A Holder may convert a portion of a Series A Convertible Debenture if the
portion is $1,000 or an integral multiple of $1,000. No payment or adjustment
will be made for dividends on the Common Stock, except as provided in the
Indenture.
The conversion price will be subject to adjustment upon the occurrence of
any of the following events: (i) the subdivision, combination or
reclassification of outstanding shares of Common Stock; (ii) the payment in
shares of Common Stock of a dividend or distribution on any class of capital
stock of the Company; (iii) the issuance of rights or warrants to all holders of
Common Stock entitling them to acquire shares of Common Stock at a price per
share less than the Current Market Price; (iv) the distribution to all holders
of Common Stock of shares of capital stock other than Common Stock, evidences of
indebtedness, cash and dividends, distributions, rights and warrants referred to
above); (v) a distribution consisting exclusively of cash (excluding any cash
distributions referred to in (iv) above) to all holders of Common Stock in an
aggregate amount that, together with (A) all other cash distributions (excluding
any cash distributions referred to in (iv) above) made within the 12 months
preceding such distribution and (B) any cash and the fair market value of other
consideration payable in respect of any tender offer by the Company or a
subsidiary of the Company for the Common Stock consummated within the 12 months
preceding such distribution, exceeds 15% of the Company's market capitalization
(determined as provided in the Indenture) on the date fixed for determining the
stockholders entitled to such distribution; and (vi) the consummation of a
tender offer made by the Company or any subsidiary of the Company for the Common
Stock which involves an aggregate consideration that, together with (X) any cash
and other consideration payable in respect of any respect of any tender offer by
the Company or a subsidiary of the Company for the Common Stock consummated with
the 12 months preceding the consummation of such tender offer and (Y) the
aggregate amount of all cash distributions (excluding any cash distributions
referred to in (iv) above) to all holders of the Common Stock within the 12
A-6
months preceding the consummation of such tender offer, exceeds 15% of the
Company's market capital capitalization at the date of consummation of such
tender offer.
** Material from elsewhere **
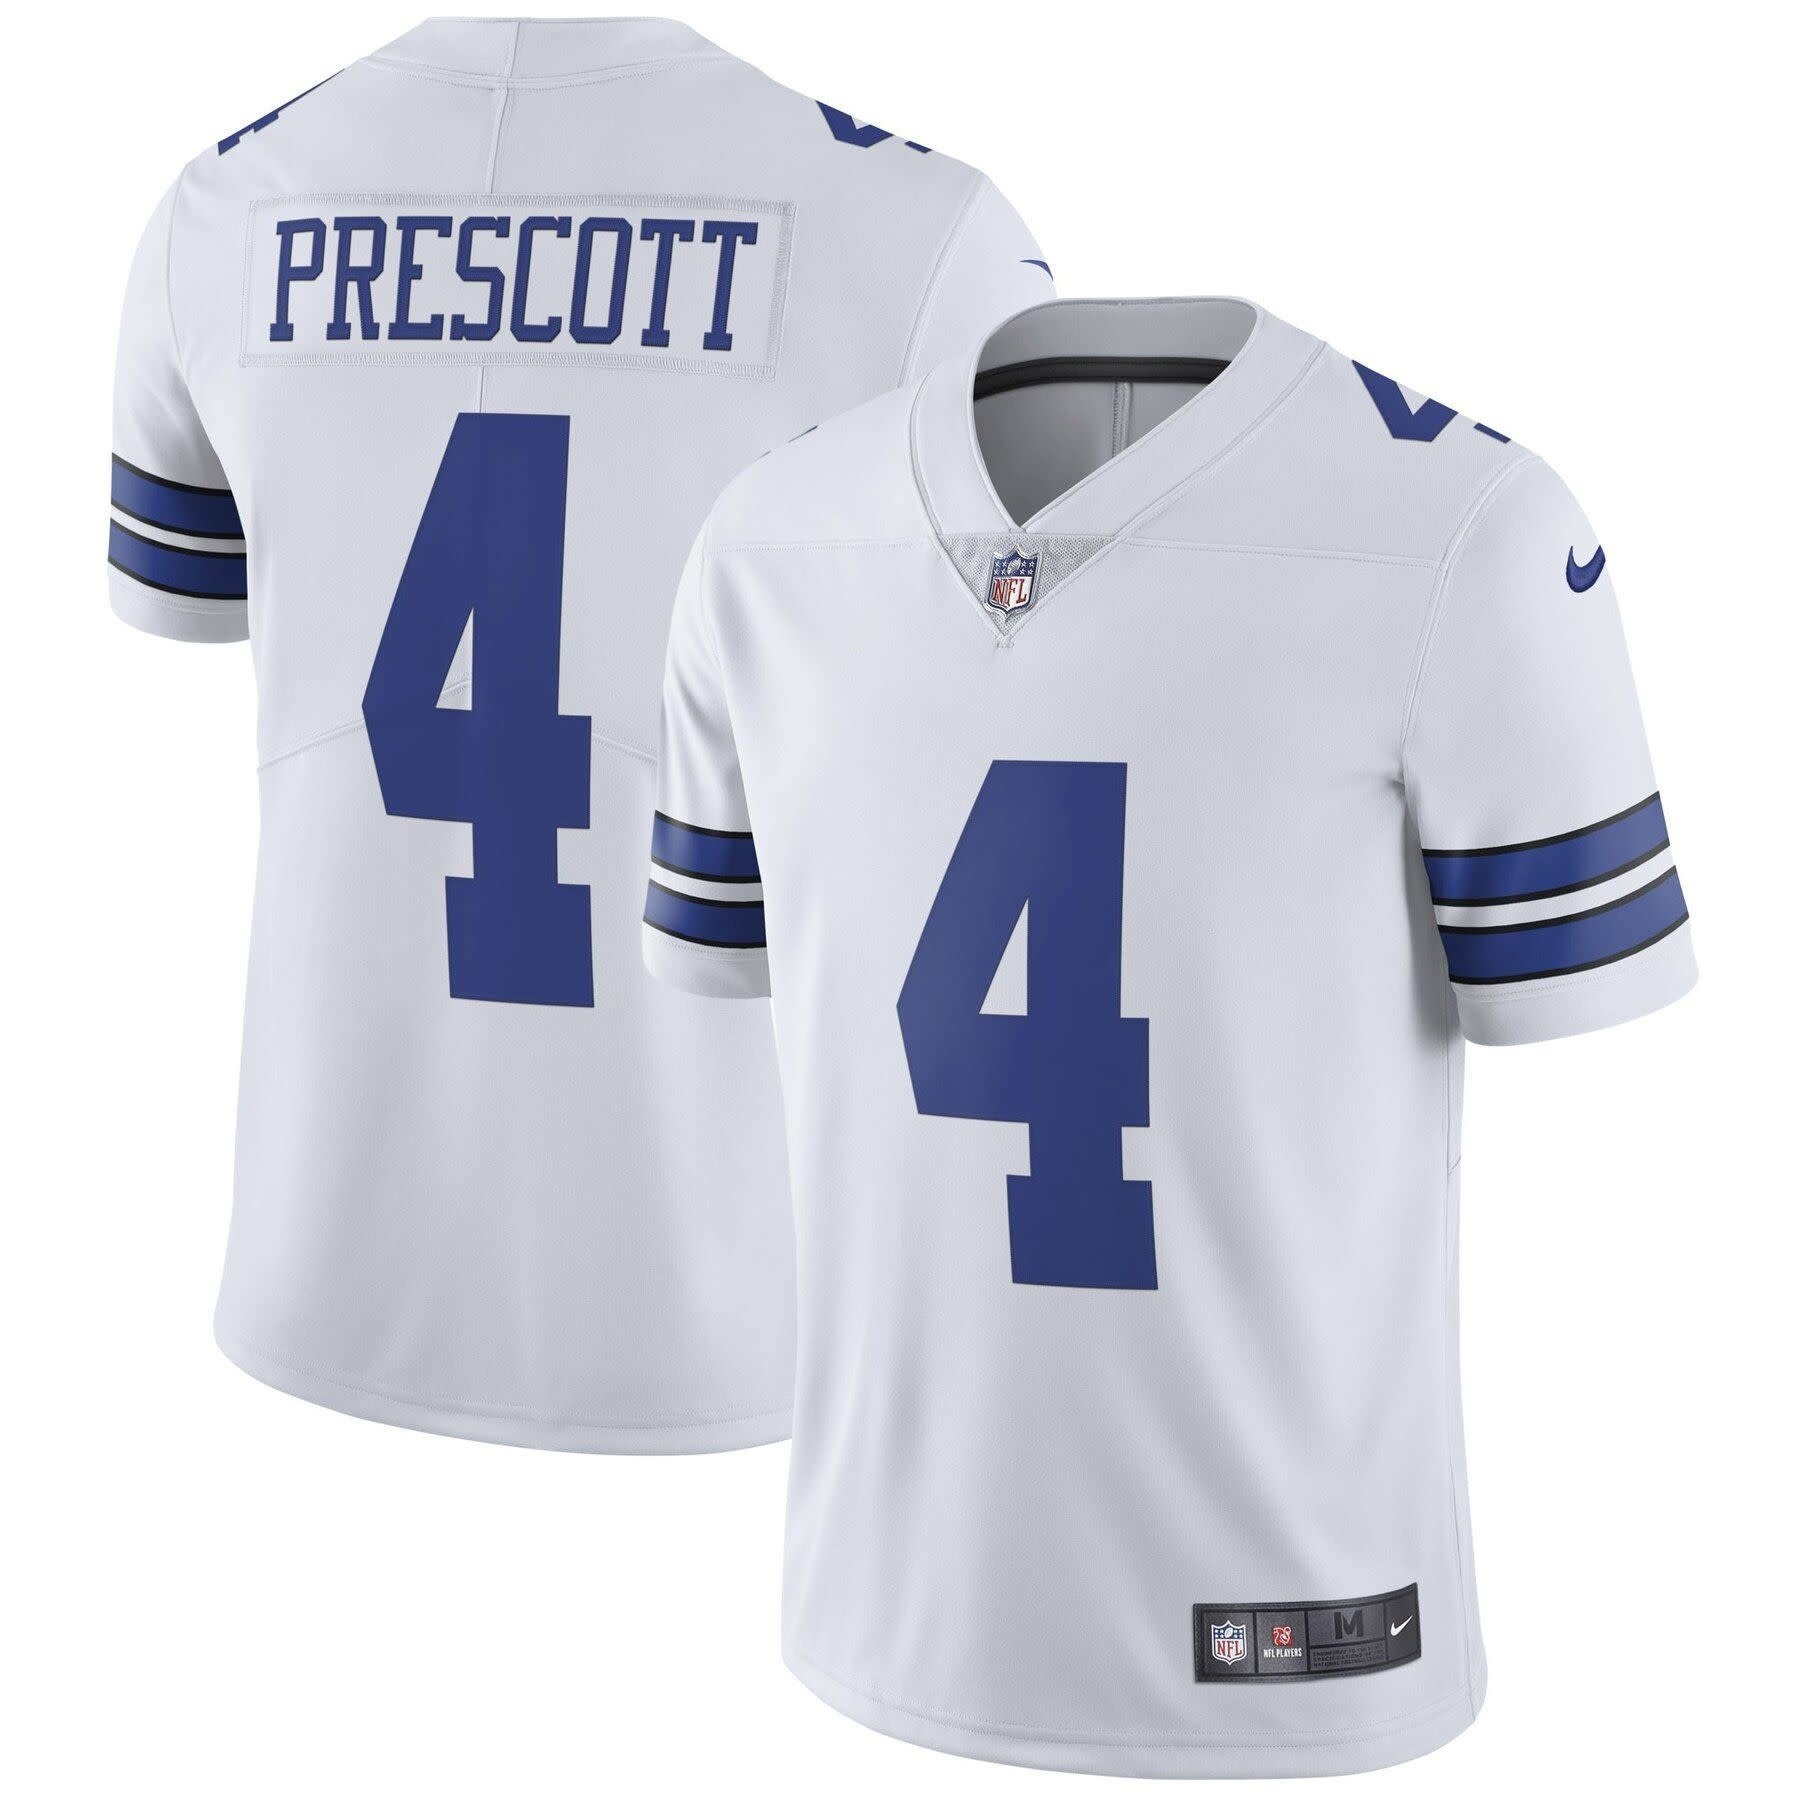 NFL Dallas Cowboys Men's Nike Dak Prescott #4 Limited Jersey White
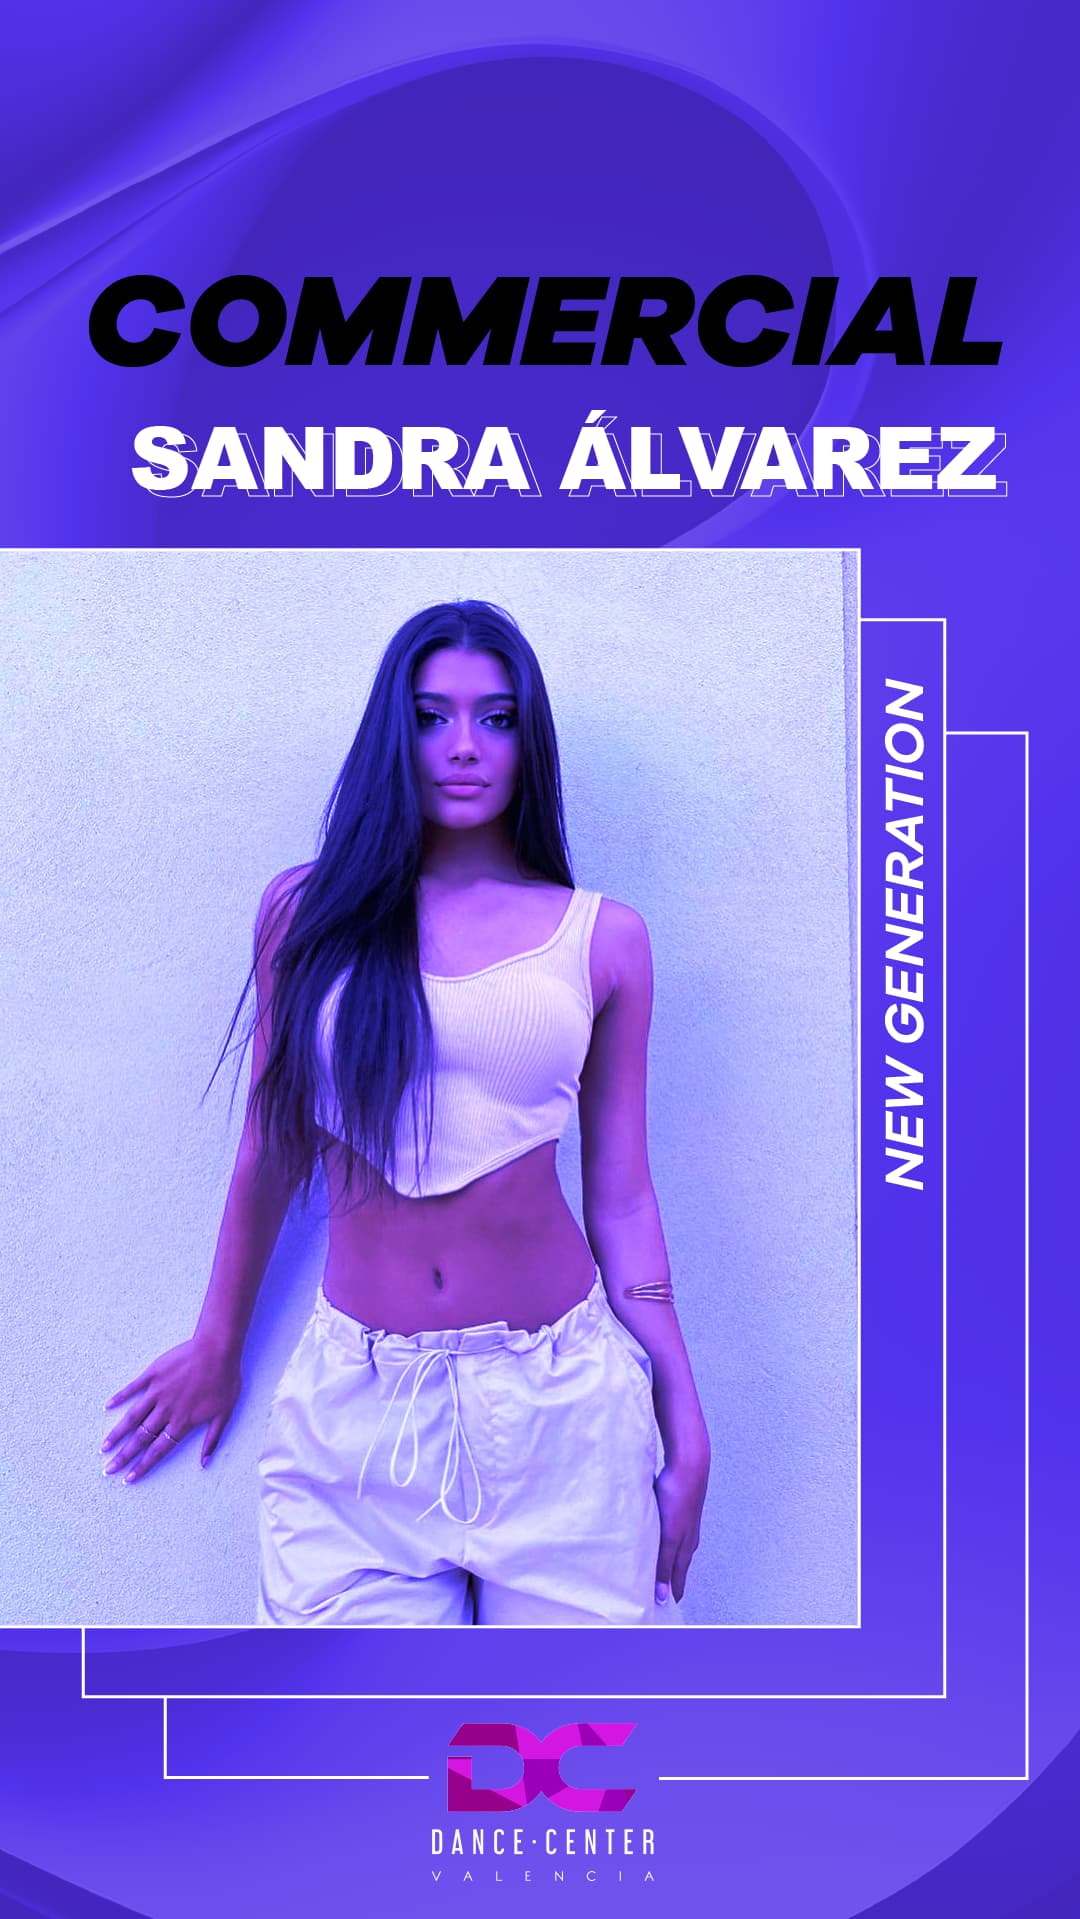 Sandra Alvarez Commercial

No adjustment of the conversion price will be required to be made
until cumulative adjustments amount to at least one percent of the conversion
price, as last adjusted. Any adjustment that would otherwise be required to be
made shall be carried forward and taken into account in any subsequent
adjustment.
If the Company is a party to a consolidation or merger of the type
specified in the Indenture, or certain transfers of all or substantially all of
its assets to another Person, or in certain other circumstances described in the
Indenture the right to convert a Series A Convertible Debenture into Common
Stock may be changed into a right to convert it into the kind and amount of
securities, cash or other assets that the Holder would have received if the
Holder had converted such Holder's Series A Convertible Debentures immediately
prior to such transaction.
8. Offers to Purchase. The Indenture provides upon the occurrence of a
Repurchase Event and subject to further limitations contained therein, the
Company shall make an offer to purchase the Series A Convertible Debentures in
accordance with the procedures set forth in the Indenture.
9. Denominations, Transfer, Exchange. The Series A Convertible Debentures
are in registered form without coupons in denominations of $1,000 and integral
multiples of $1,000. A Holder may transfer or exchange Series A Convertible
Debentures in accordance with the Indenture. The Registrar may require a Holder,
among other things, to furnish appropriate endorsements and transfer documents
and to pay to it any taxes and fees required by law or permitted by the
Indenture. The Registrar need not transfer or exchange any Series A Convertible
Debenture or portion of a Series A Convertible Debenture selected for
redemption, or transfer or exchange any Series A Convertible Debentures for a
period of 15 days before selection of such Series A Convertible Debentures to be
redeemed.
10. Persons Deemed Owners. The registered holder of a Series A Convertible
Debenture may be treated as the owner of it for all purposes.
11. Unclaimed Money. If money for the payment of principal or interest
remains unclaimed for two years, the Trustee or Paying Agent will pay the money
back to the Company
A-7
at its written request. After that, Holders entitled to the money must look to
the Company for payment as general creditors unless an "abandoned property" law
designates another Person.
12. Amendment, Supplement, Waiver. The Company and the Trustee may, without
the consent of the holders of any outstanding Series A Convertible Debentures,
amend, waive or supplement the Indenture or the Series A Convertible Debentures
for certain specified purposes, including, among other things, curing
ambiguities, defects or inconsistencies, maintaining the qualification of the
Indenture under the Trust Indenture Act of 1939 or making any other change that
does not adversely affect the rights of any Holder. Other amendments and
modifications of the Indenture or the Series A Convertible Debentures may be
made by the Company and the Trustee with the consent of the Holders of not less
than a majority of the aggregate principal amount of the outstanding Series A
Convertible Debentures, subject to certain exceptions requiring the consent of
the Holders of the particular Series A Convertible Debentures to be affected.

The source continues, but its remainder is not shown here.